None of the scenarios provided a definitive winning strategy, and that’s by design.

“When you’re making a decision, it does not happen in a vacuum, and the impacts are not isolated,” Sanders says. “But a lot of our students, when they get to the undergraduate classroom, are often primed for black and white thinking, correct and incorrect answers. And when they’re presented with our curricular tools, what they find out is that there is no right answer, and that’s deeply uncomfortable for them.”

During the nutrition class, students had to choose between imperfect solutions, each of which came with problems such as dwindling interest, rising costs or coordination challenges. One student described the choices as “all having downsides.” Another reflected that the exercise was “really frustrating because … in the end there were consequences that led to impacts on other people, and I think it’s reflective of how difficult it can be to address these issues when the factors involved are very complex.”

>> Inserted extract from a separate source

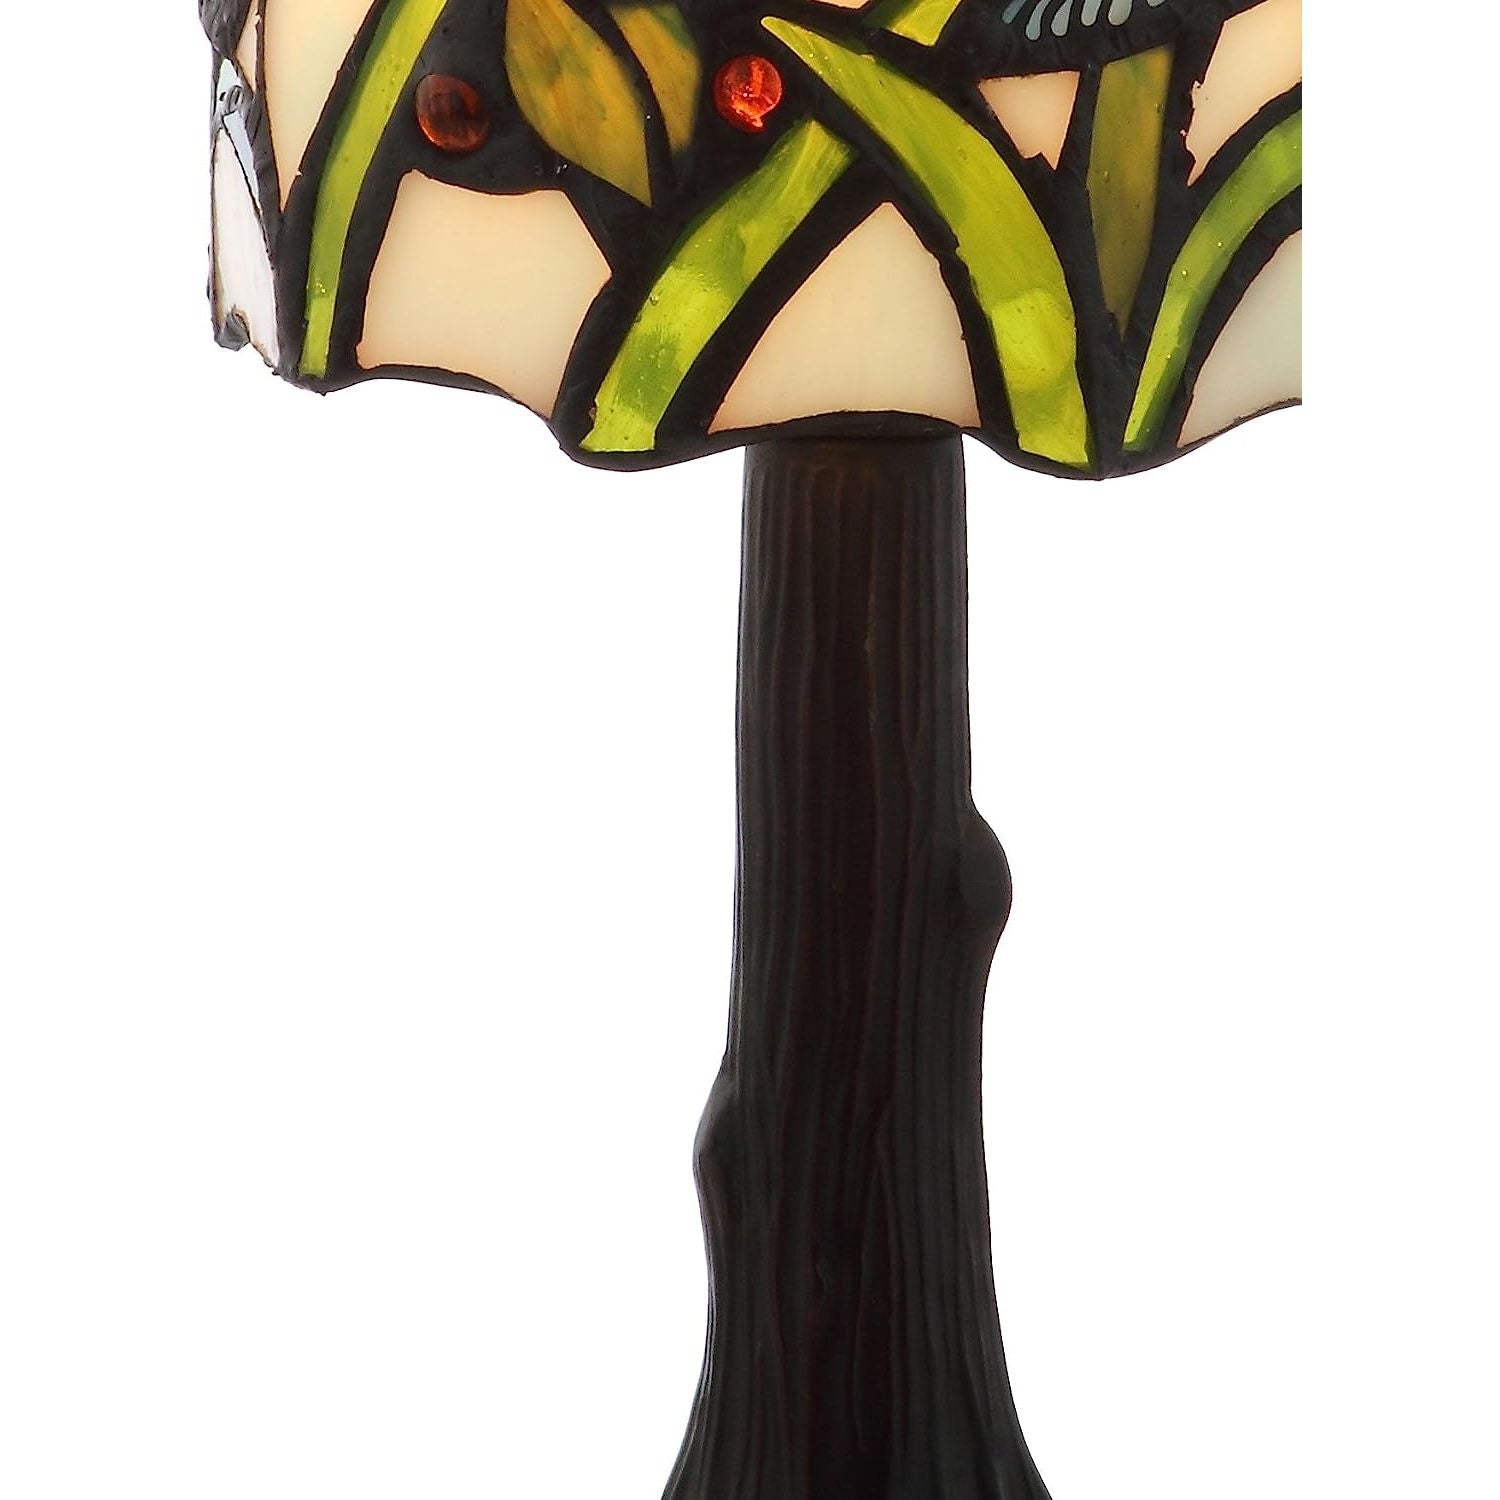 Lámpara de Mesa - Monnry

A New Crop of Curriculum Tools

Natalie Cooke, associate professor of nutrition science, whose class was among those to test the scenarios, says having tools that help students wrestle with multilayered issues in agriculture and food systems opens a gateway for deeper student engagement.

“The design of these curricular tools allows for small- and large-group discussion about systems thinking, which can help students connect with others while articulating their thoughts on complex topics they may encounter in their future careers,” Cooke says.

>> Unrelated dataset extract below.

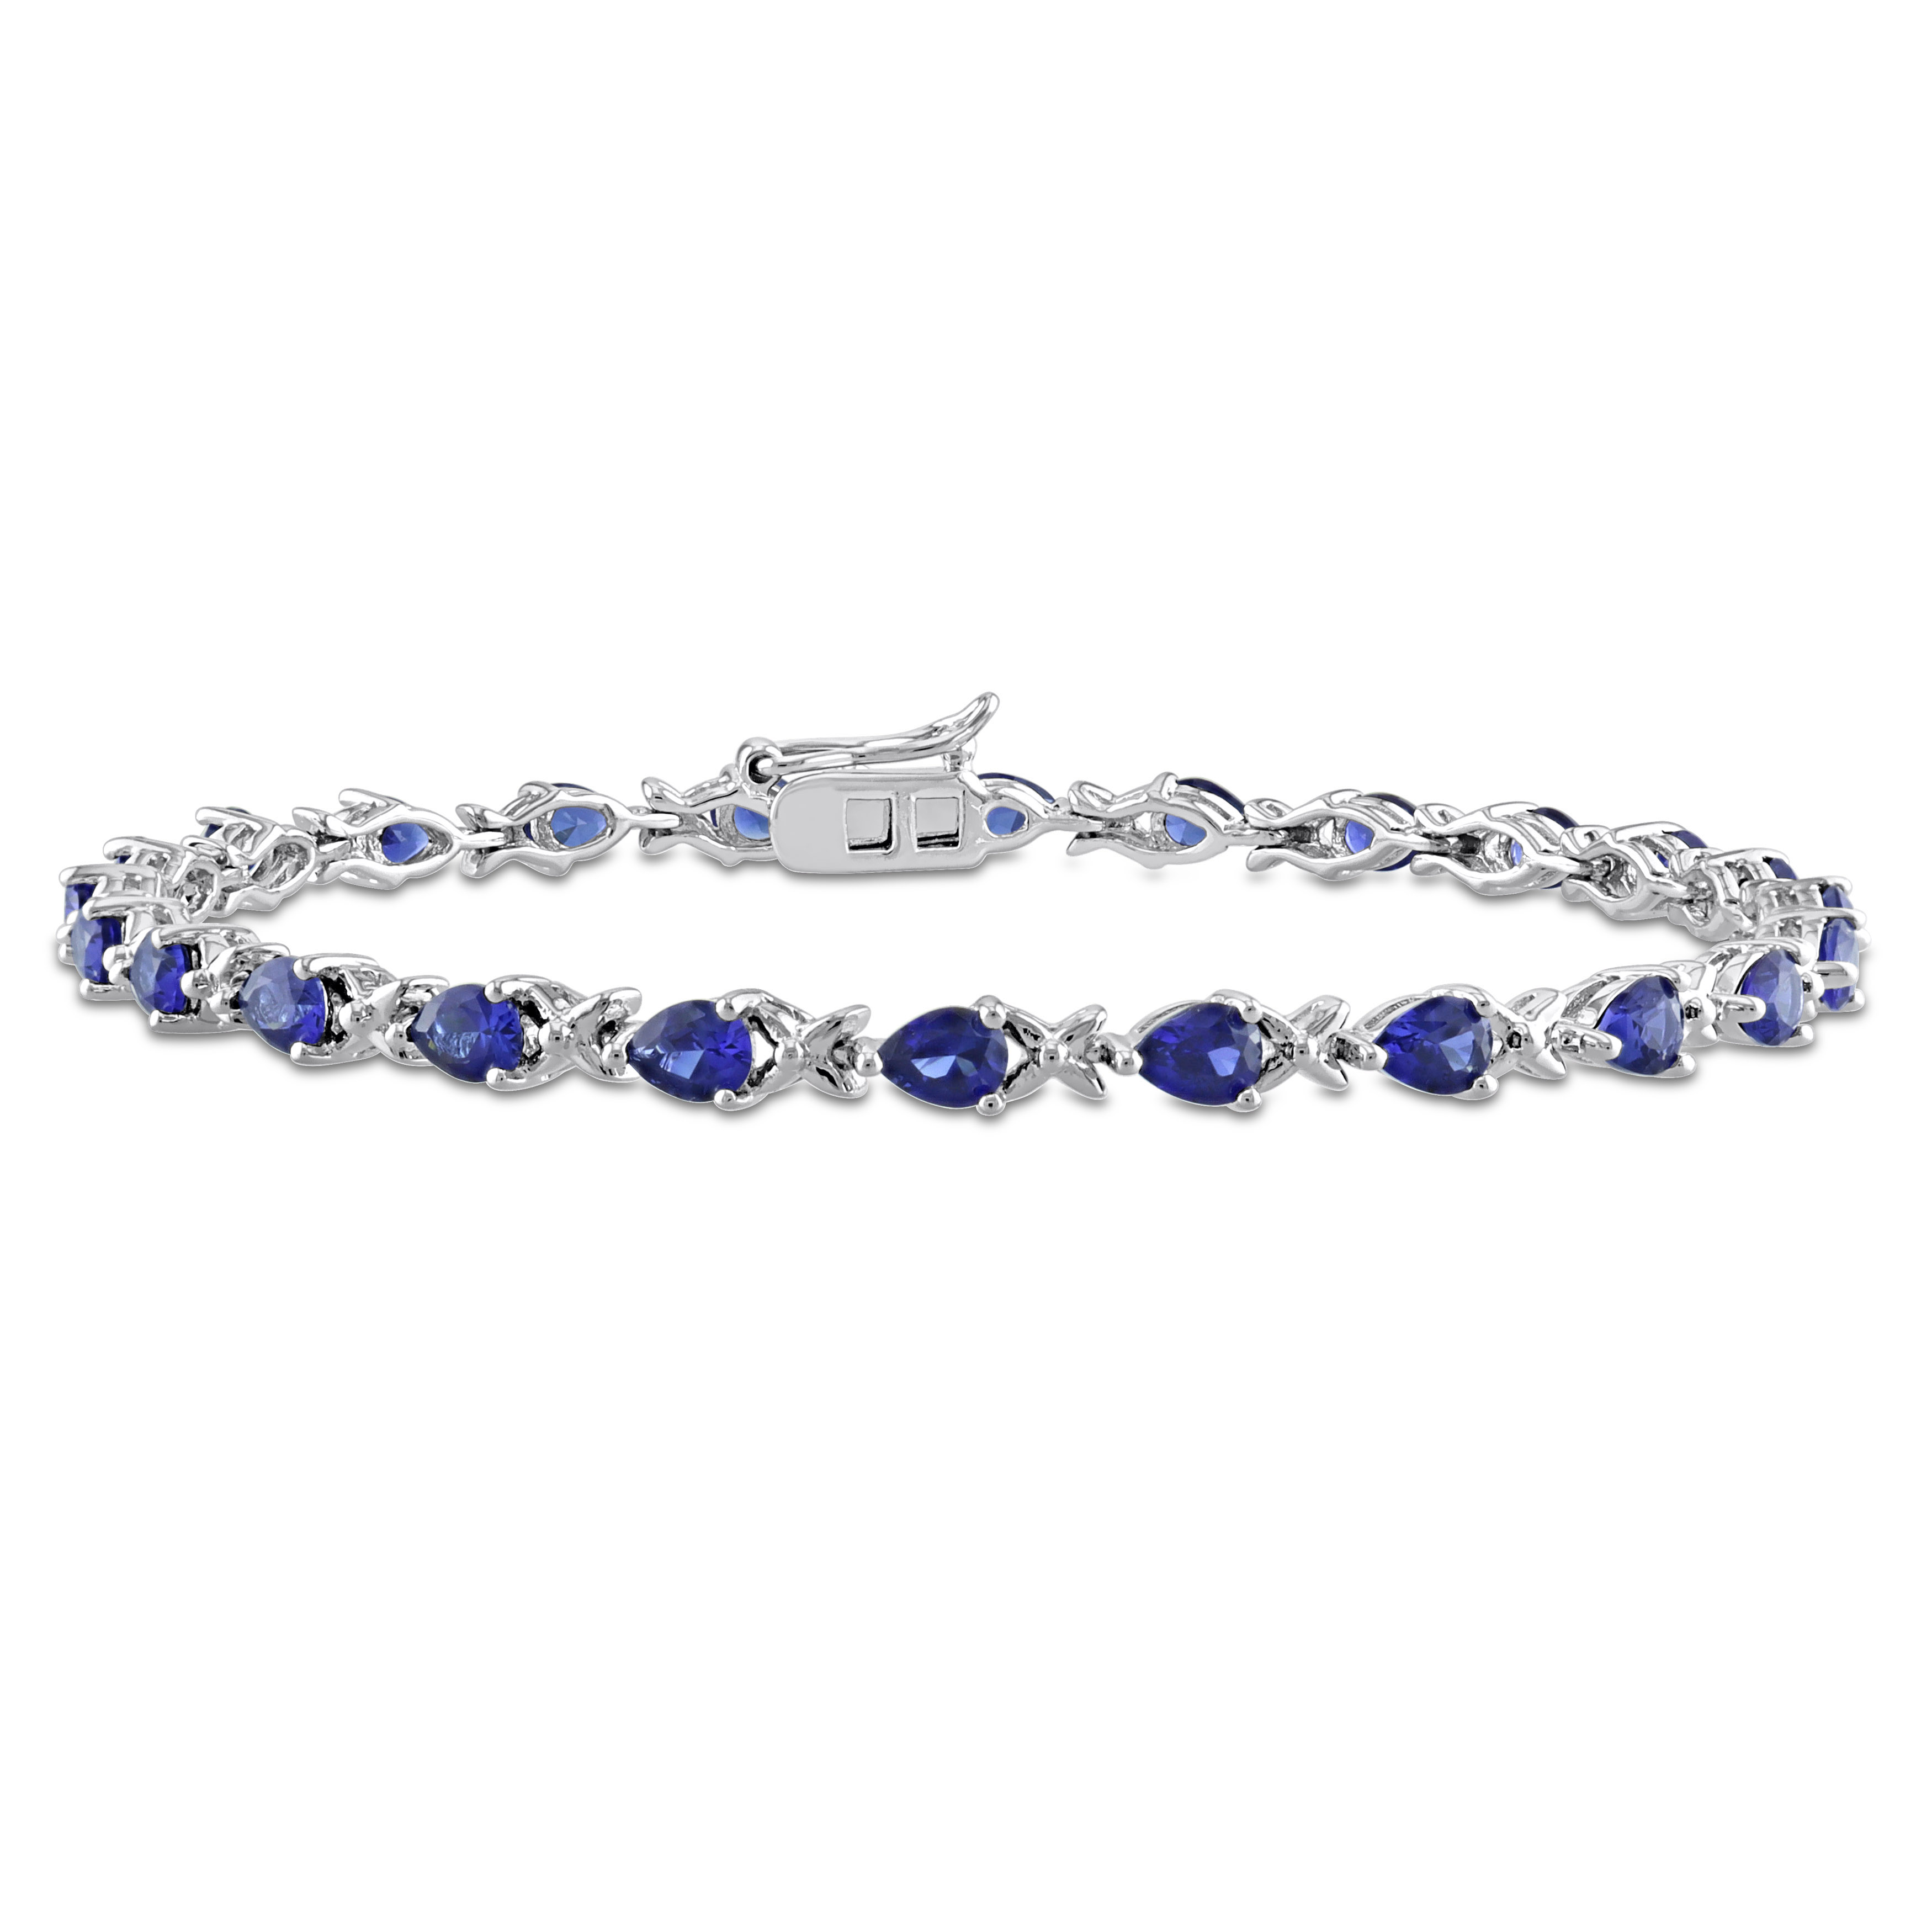 5 1/3 CT TGW Pear-cut Created Blue Sapphire X Link Bracelet in Sterling Silver - 7 in.

The lessons the project ultimately produces will be available online for faculty at any U.S. land-grant institution to use in undergraduate classes in a variety of courses. The intent is to provide students with opportunities to explore interdisciplinary issues in greater depth and leverage the best of each discipline to solve problems.

“In my experience as an educator, I think it’s a great lesson in humility that we can’t know all the answers, and we’re better when we have a broader team and can build on other people’s expertise, perspectives and experiences,” Sanders says.